It’s summer. Some of my friends were buried in tears week one. Others ran for the hills, literally: Get them outside, keep them busy, no time for chaos, right? A few have fabricated Montessori-inspired, in-home bubbles of peace and developmental synchronicity, which I adore, because it keeps me more sane than anyone. Until my friend’s kids show up “flaunting their wares,” as the flaunters’ mom so eloquently coined in her recent hilarious apology.
Because then, my kids are like, Flocka-Flocka This, Mom! What the Shitake Nonsense are you trying to Pull Here?!? Those guys have face paint and ice cream! And then I’m all, “Listen guys, I’m cheap and my brain is easily overstimulated, and I’ve therefore cultured you in a bubble, and you are therefore Not Authorized for Traditional American Summer Fun.”
At first, ever the forgetful optimist, I was fully, Woo, summer! I love summer! I love the free-flow. I love the bickering…wait. I love the feral meltdowns…ahem. We have regressed here in our tiny home. Some of us are five and it’s hot. The rest of us are human and it’s hot. And shrieky.
It is a terrible tragedy, when you are struggling to put something positive on social media. The President is a corrupt Bajillionaire with bad social skills, and my five year old is a tyrant. For real. I have given birth to a Warrior Baby, who is now going through all the crap-tastic developmental nuances a Warrior Baby must go through on his way to competent warriorship, such as–fear of ones own strength, and therefore practicing ones strength with only ones mother, and I’ll stop there to protect our dignity, you know?
Compounded by this…when he’s not swaddled in tyranny, he’s the cutest little Pre-K fellow, with all his sweetness flagging about. For instance, he just walked in from his picnic with sis in the shade of our Giant Elm Tree, where they are nibbling on lunch and perusing a stack of library books. He peeked around the corner and spied me typing away, with one of the popsicles he has claimed as his popsicles, in my mouth.

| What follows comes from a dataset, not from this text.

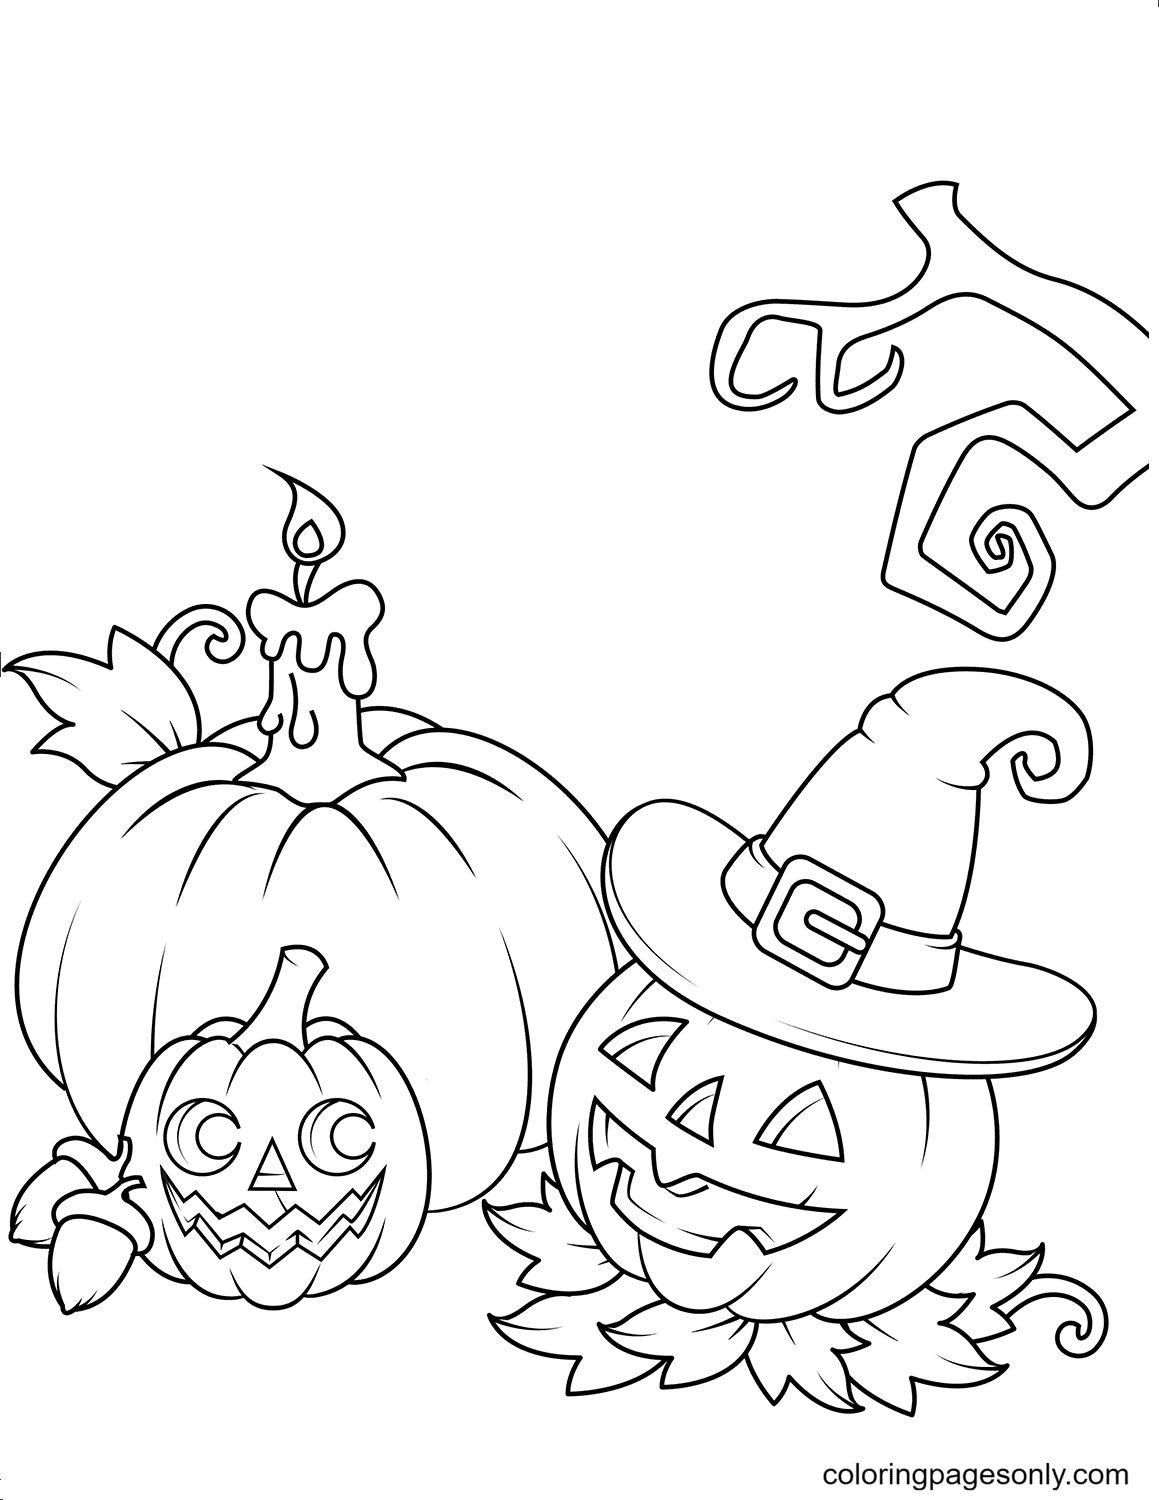 Jack O’Lanterns and Pumpkin Coloring Pages

Well, the stick is clenched between my teeth, with the popsicle hanging upside down, actually. Normally, he’d have burst into flames. Instead, he looked at me with a gleam in his eye, exaggerated the “Huuuh!” sound with a coy little smile, and asked so sweetly, “Can I have a bite?”
Who is this child? I know not this speaker-asker-good-natured fellow. I know only shrieker-screamer. But hey, let’s waste no time, “Yes, of course!”
We’ve re-instituted nap. We’ve re-instituted “low stim” days. We’ve re-instituted trips to the park every day, and early. We’ve re-instituted the tidy eating we all thrive on. (Popsicles included.) We’ve re-instituted consistency in karate, now that we can. A schedule. Not too rigid. Not too loose. #kidsthriveonschedules
Let’s talk about karate. My little guy is terrified of his dojo. He’s terrified of “big kids” with higher belts. He is terrified of black belts, whom he is certain will try to hurt him. A few sweet months ago, this was all lost on him. We have gained new insight, and it’s all somehow different. So now, every day at the dojo is a new…
Hold on, popsicle is starting to drip.
…catastrophe. I keep myself as still and calm as possible, while helping Warrior Baby fight his own inner fight with himself, and not with me. Every day, he says, “I hate karate!” Then, when he has battled himself through that lie, and made it onto the mat, I sit back. I work to reclaim any incidental adrenaline he was able to effectively puncture out of me, while he smiles and admires his Sensei, and proceeds with happily, and methodically learning how to be in his body with discipline and joy. And he smiles. The whole time. #hateskarate
So this morning, I woke to these thoughts, flitting past my consciousness, on the ticker tape materfamilias: God bless the dojo.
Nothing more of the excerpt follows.